There are over 9.8 million people living in Los Angeles County. Over 3.8 million of them reside in Los Angeles proper.
It is the second most populous city in the United States.
It is the largest city in California.
And our average commute time, based on the census bureau, is about 30 minutes, which I don’t believe for one heat-wave-hot second, but w-evs. I didn’t fill out my census report card, so I guess I forfeited my say-so.
We’re too full. We’re on the verge of bankruptcy. And too many people—who don’t know why, or what, or up from down, or really anything at all (self included)—live here, in this land of golden opportunists. Sorry, opportunity.
And the kids, well they just keep on coming.

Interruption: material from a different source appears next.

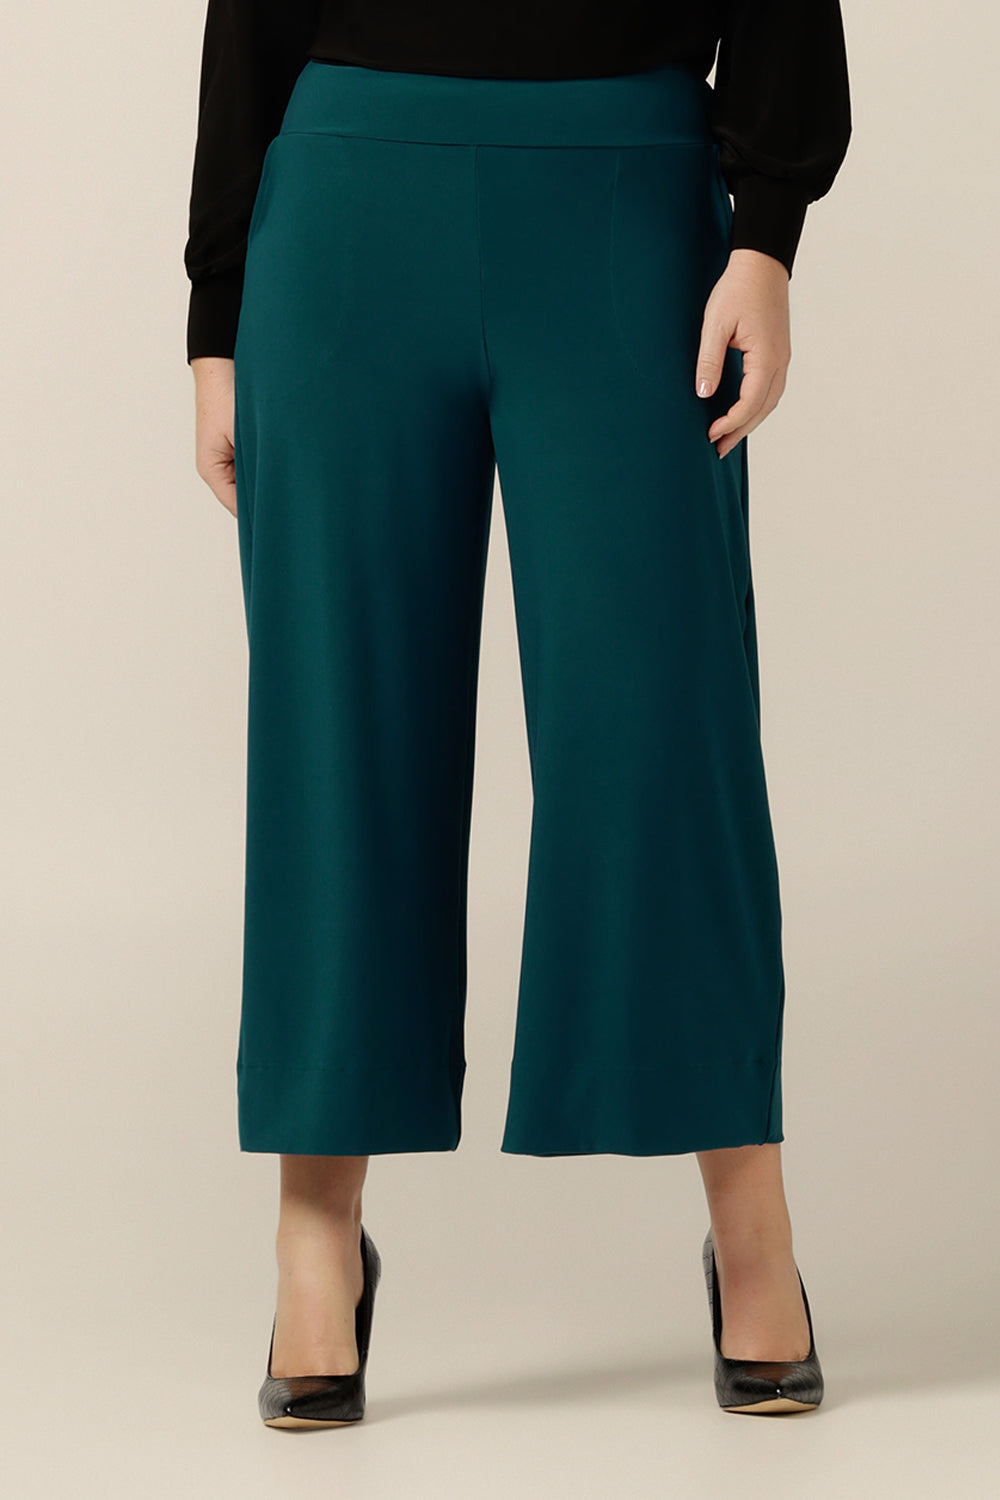 A close up of an Australian-made wide leg, cropped length jersey trouser in petrol green. By Australian and New Zealand fashion brand, L&F these work culotte pants promise to be a comfortable corporate trouser for sizes 8 to size 24.

Despite the shortcomings, the crude litany of unmet expectations, the fault lines, the tails between legs, and amalgamation of assholes at Soho House, LA continues to pull the numbers. It retains an appeal that overrides natural selection.
So here’s a short, learned-it-from-experience tropism on not being a donkey/surviving…
Hello, new friend. Congratulations. You’ve decided, against all data, to move to L.A.—City of Angels, home of the Dodgers, smoggy skylines, bumper-to-bumper traffic, and perpetual adolescents.
I’m sure whatever your motives, your dreams, your endeavors—you are the rare bird that will actually “make it,” whatever that means. Not judging.
Please don’t complain about traffic, as you are part of the problem.
Never refer to you job as a “gig.”
When turning left, stop being such a scared little turtle bitch and pull out into the intersection.
Script-writing. Don’t do it. And if you must, don’t do it in a coffee shop.
There are like, a handful of people in this whole town who actually call shots. And they don’t hang out at Barney’s Beanery.
Accept the fact that if you are not a waiter, you will be someone’s assistant.
Accept the fact that as an assistant you will be professional a piss-on. Speaking of.
Downtown is full of rampant public urination. And occasional defecation.
If someone tells you they’re stuck in traffic, you can look it up online.
Don’t talk about your treatment at a party, unless you actually have cancer.
Sunset Junction is really awesome, if you like your coffee with a side of bearded judgment.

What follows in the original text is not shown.